Please make sure what you return matches the listing below exactly, minus its pictures.

§ **THE DATA**
*****

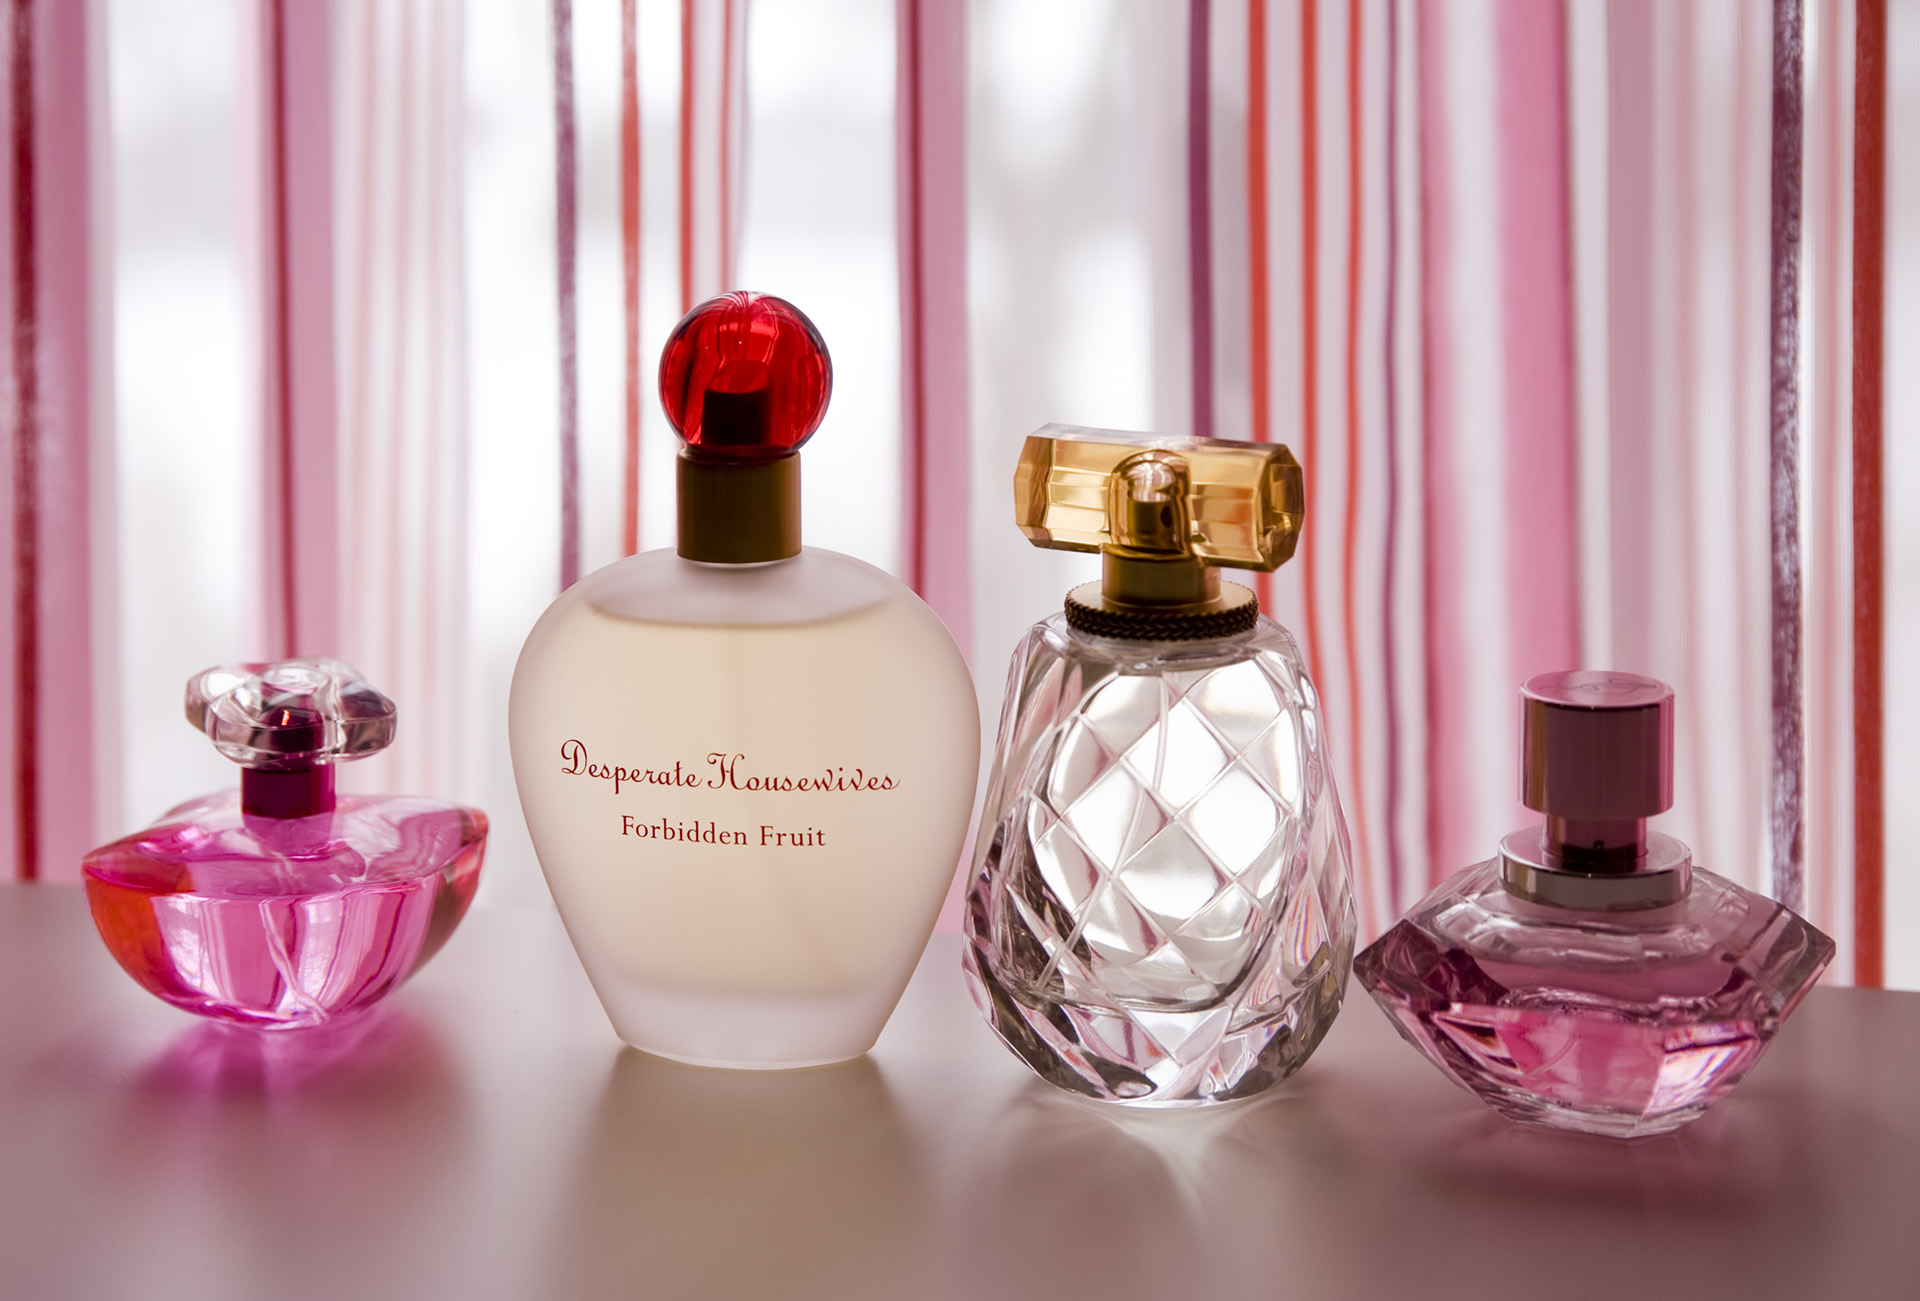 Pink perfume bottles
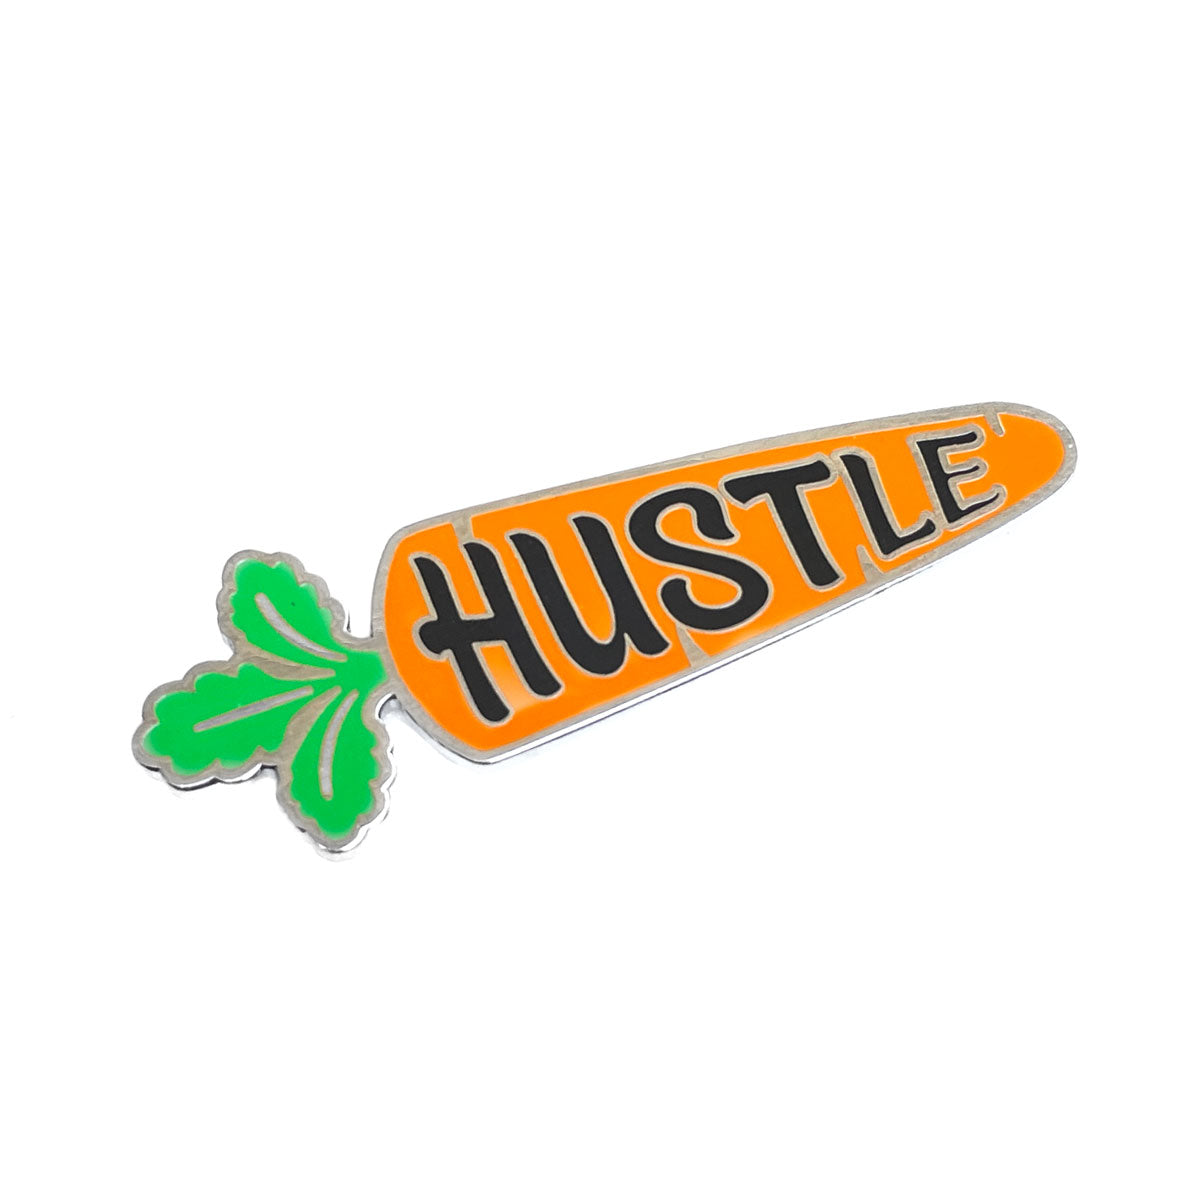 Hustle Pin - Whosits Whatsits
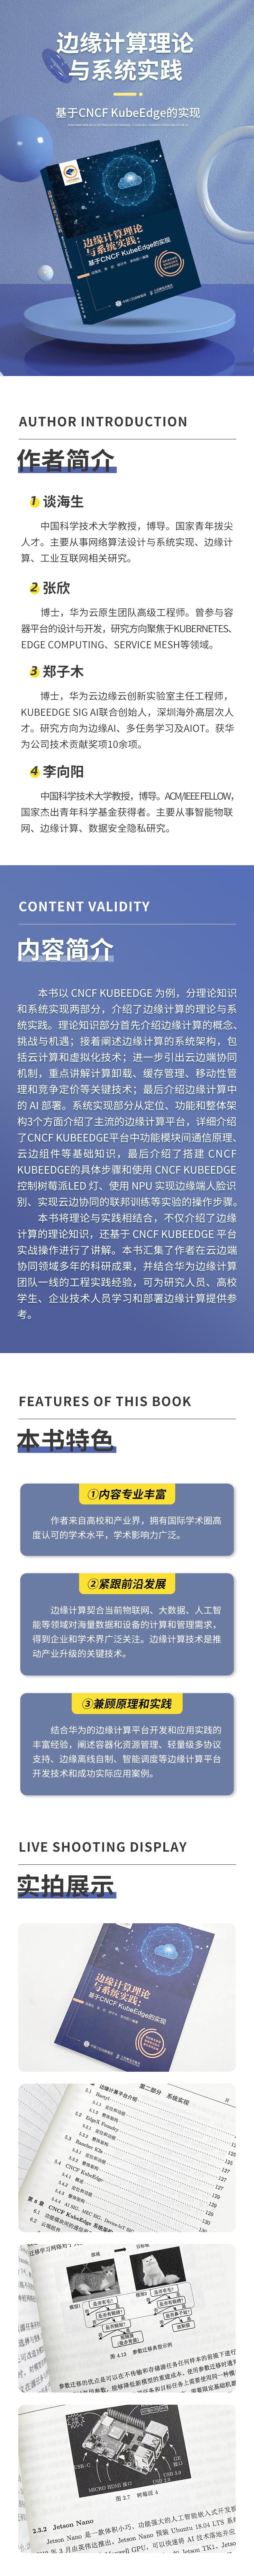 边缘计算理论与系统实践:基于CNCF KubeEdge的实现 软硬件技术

*****

§ **PROBLEM SOLUTION**
 Pink perfume bottles
 Hustle Pin - Whosits Whatsits
 边缘计算理论与系统实践:基于CNCF KubeEdge的实现 软硬件技术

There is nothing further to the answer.